TASK DIRECTIONS: Your task is to copy each line of the material that includes "Photo".

MATERIAL PROVIDED:
────────

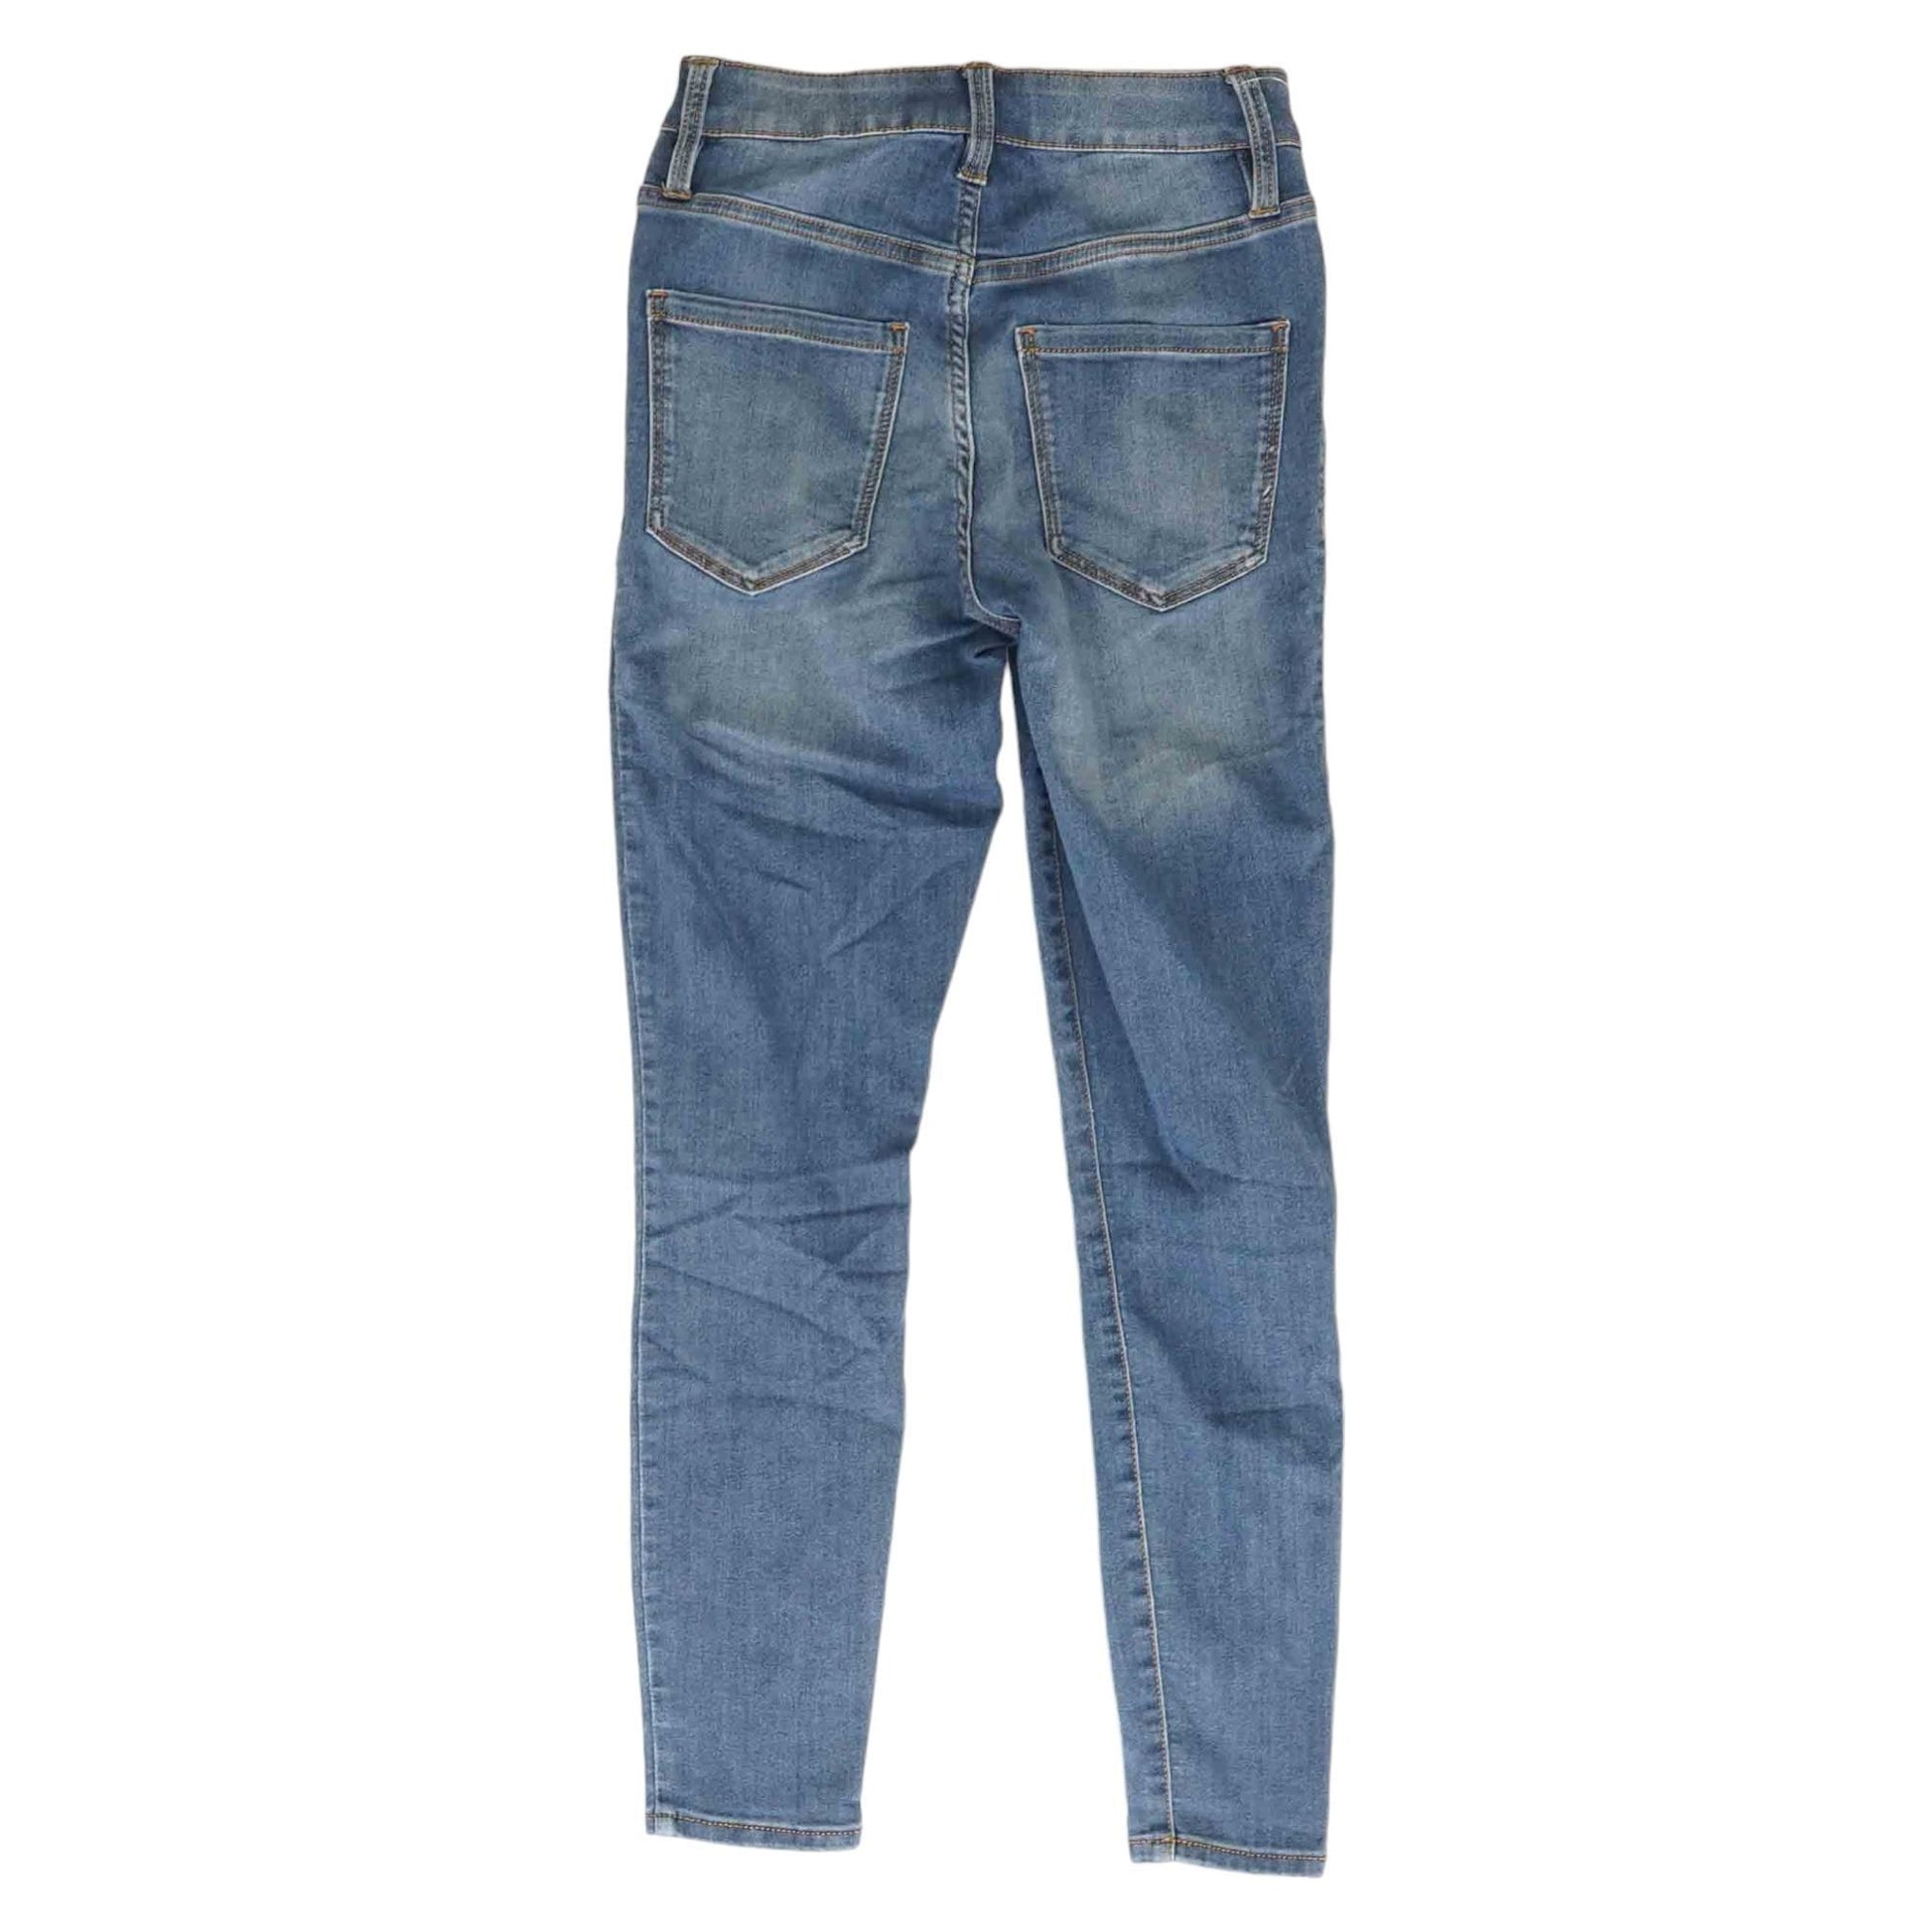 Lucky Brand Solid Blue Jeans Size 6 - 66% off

────────

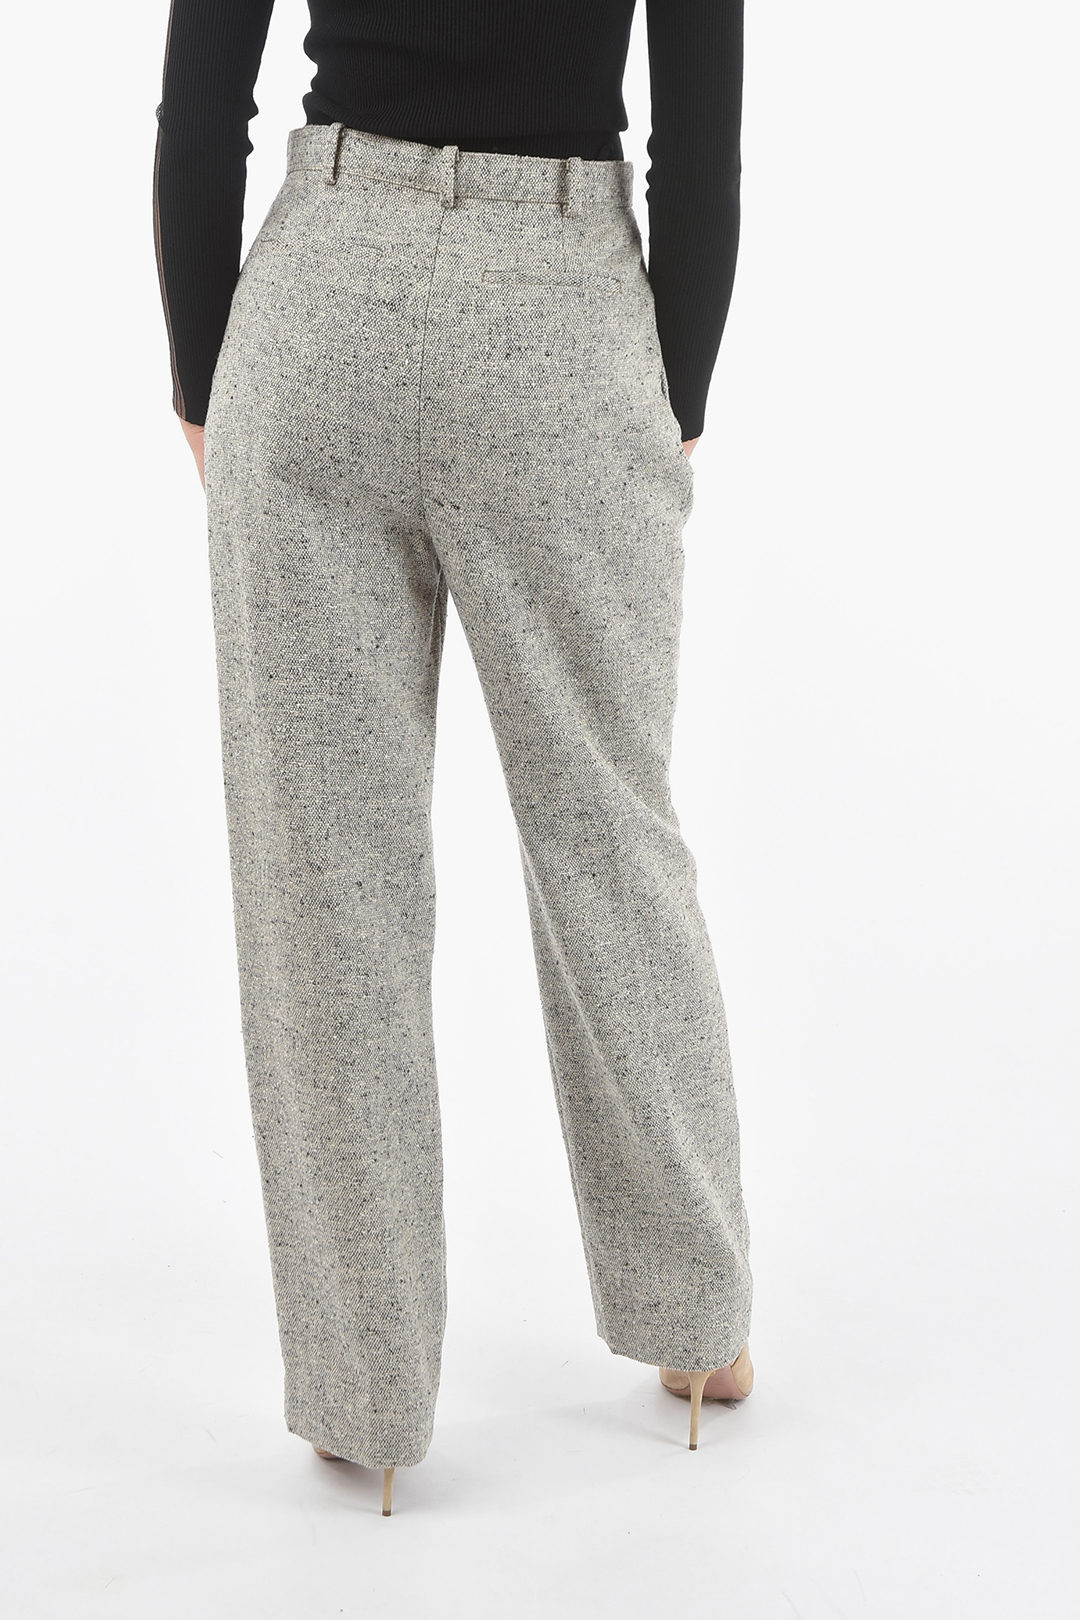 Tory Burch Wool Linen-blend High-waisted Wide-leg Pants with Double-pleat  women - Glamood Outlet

────────

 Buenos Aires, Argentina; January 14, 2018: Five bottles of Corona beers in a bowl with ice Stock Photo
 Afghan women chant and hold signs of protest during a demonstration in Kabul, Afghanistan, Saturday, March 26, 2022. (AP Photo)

────────

TASK RESPONSE:
 Buenos Aires, Argentina; January 14, 2018: Five bottles of Corona beers in a bowl with ice Stock Photo
 Afghan women chant and hold signs of protest during a demonstration in Kabul, Afghanistan, Saturday, March 26, 2022. (AP Photo)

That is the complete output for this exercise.